I welcome comments and feedback. 


1. In addition to helping patients distinguish between compliant and non-compliant treatments (and providers) we must do more to help patients distinguish between non-compliant cell therapy treatments (and providers) which are more or less risky. 


2. Whatever we do in response to this issue should be done with an eye to being practical and helpful to patients in the real-life context of their decision about whether or not to buy a non-complaint cell therapy.


3. Our response to this issue should be based on a risk-based approach recognizing that not all non-compliance is created equal.  We should create a framework for risk-based analysis (both for us and our audiences) and focus initiatives around those which present the highest risk.

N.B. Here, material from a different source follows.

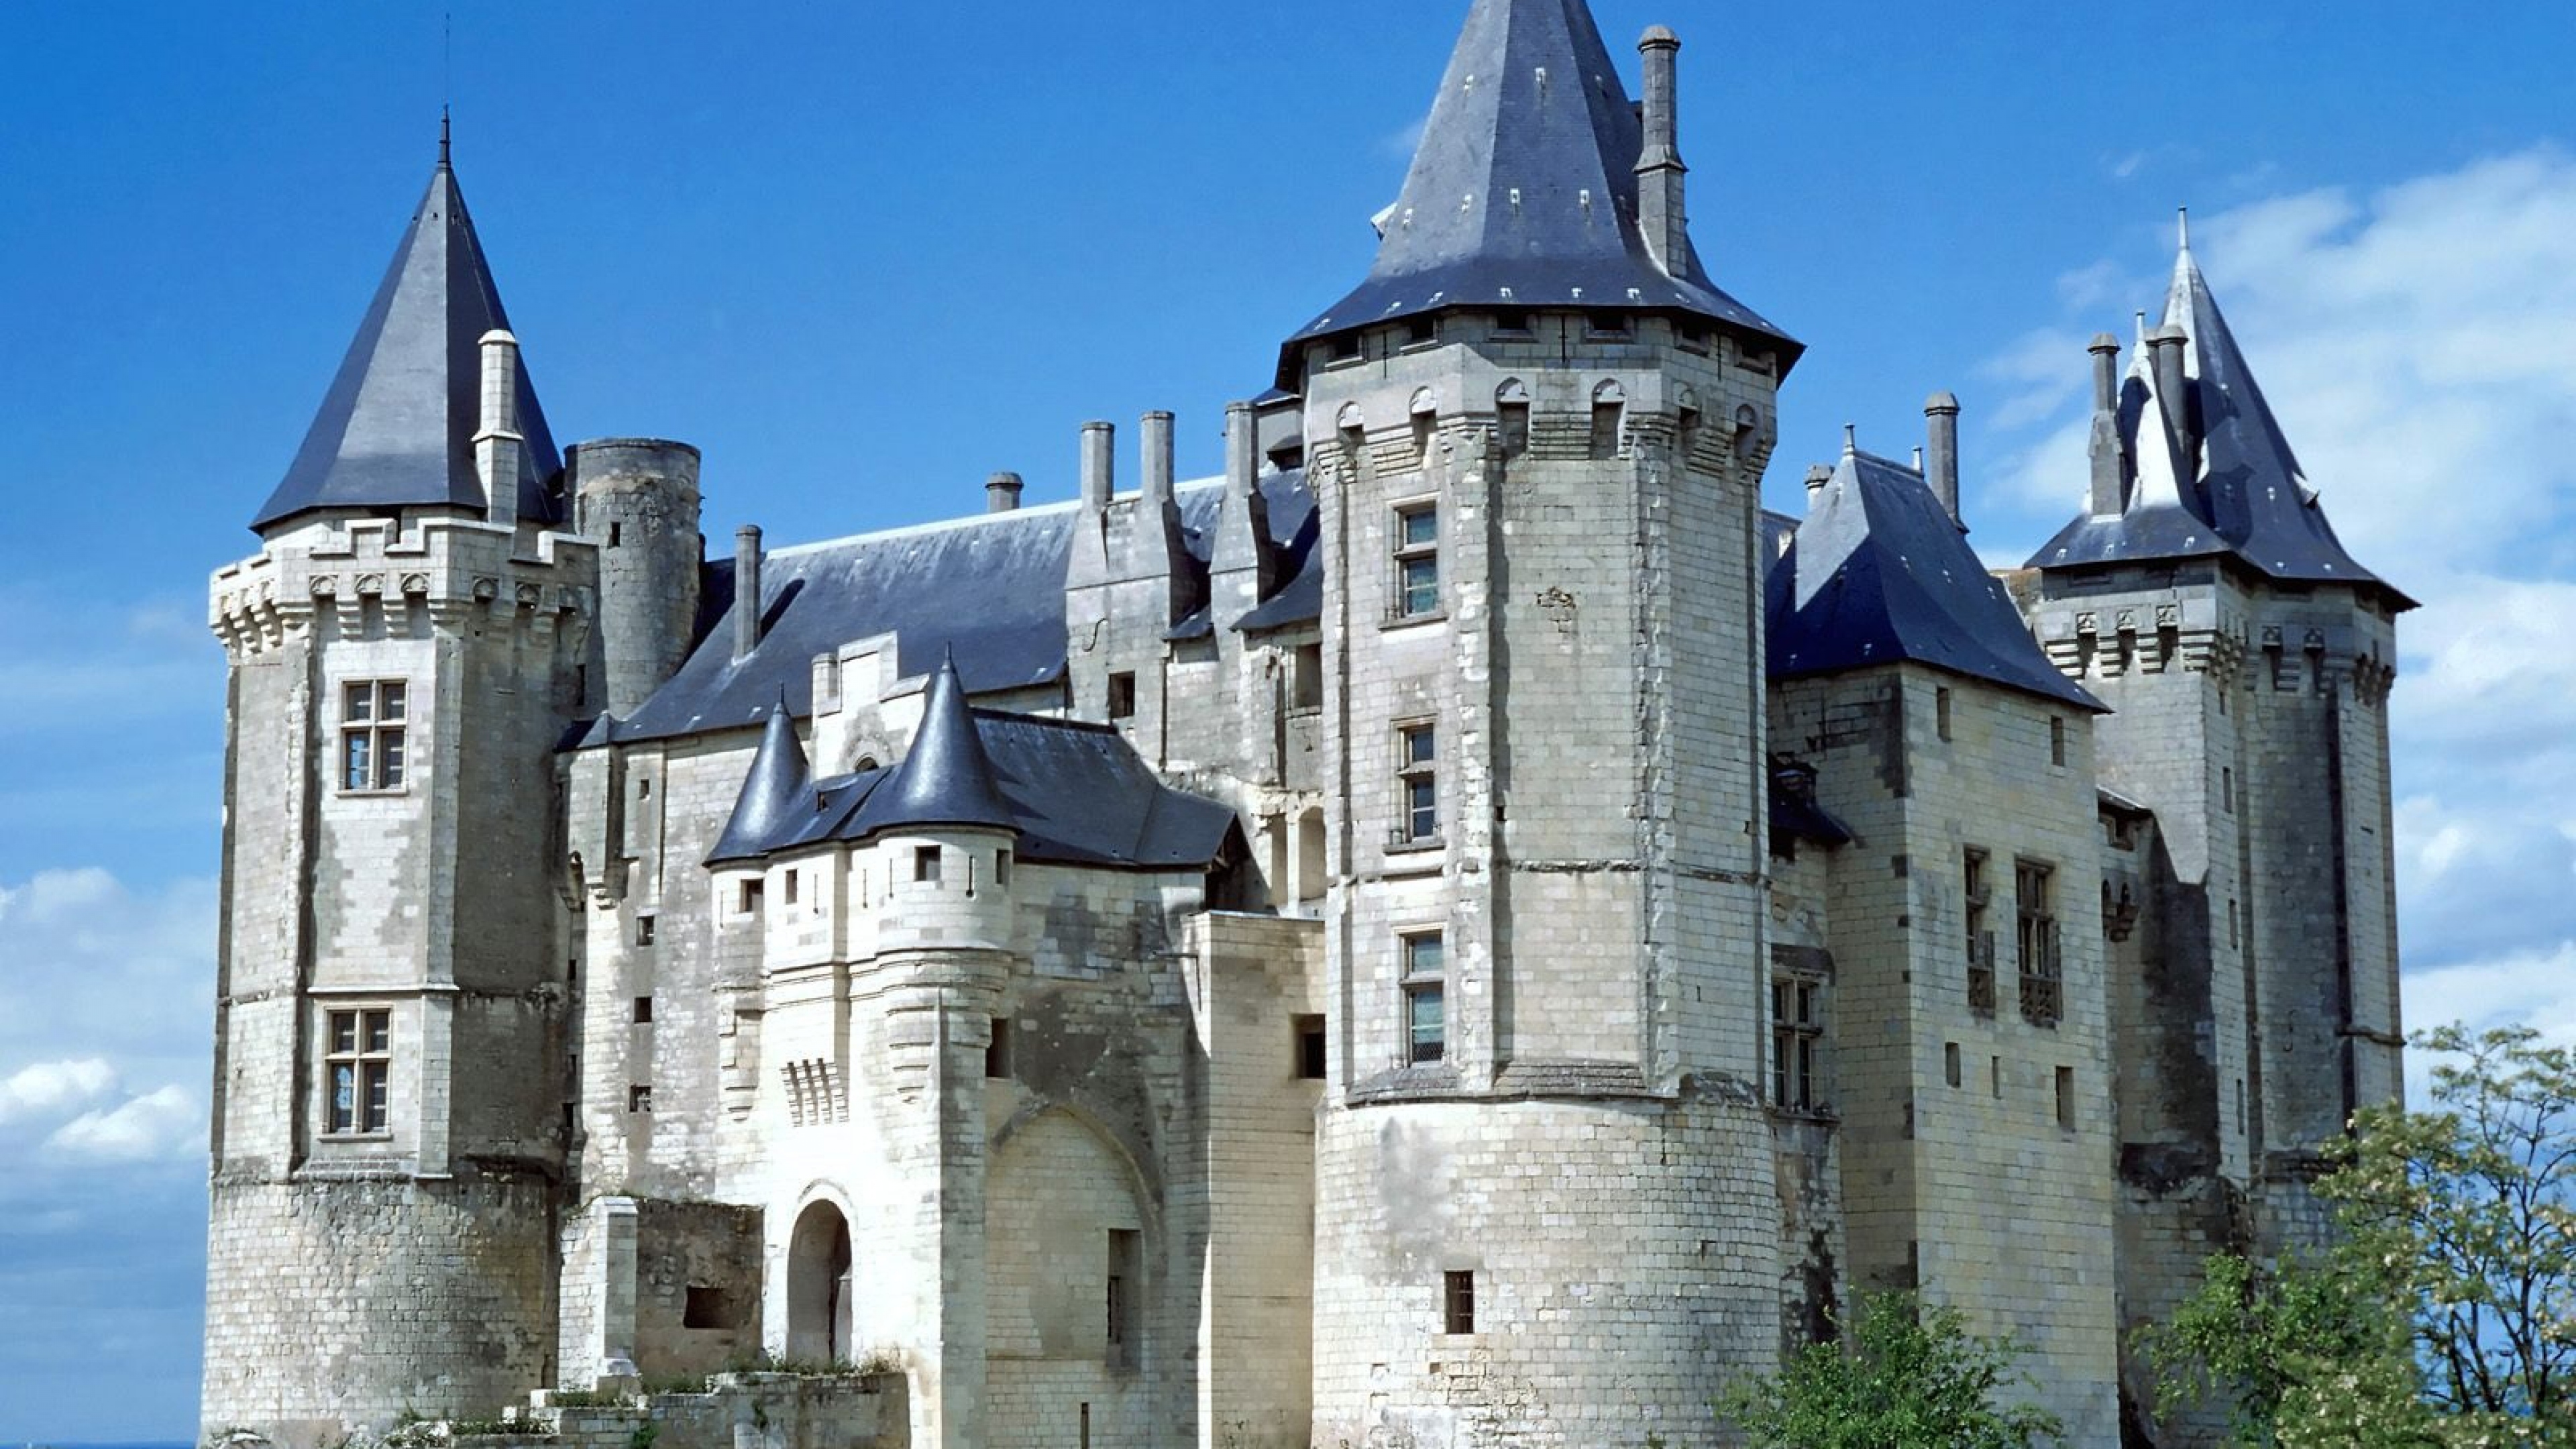 Wallpaper 3840x2160 Chateau de saumur Renaissance Castle France 4K

4. We recognize the problem of non-compliant cell therapies is not just a problem that exists in jurisdictions with little, no, or poor regulation but that is a growing problem even in the most highly regulated jurisdictions meaning the solution cannot be regulated it depends on education and enforcement.


5. We recognize regulatory agencies cannot enforce non-compliance on their own.  We as an industry need to complement their efforts through our own standards and enforcement.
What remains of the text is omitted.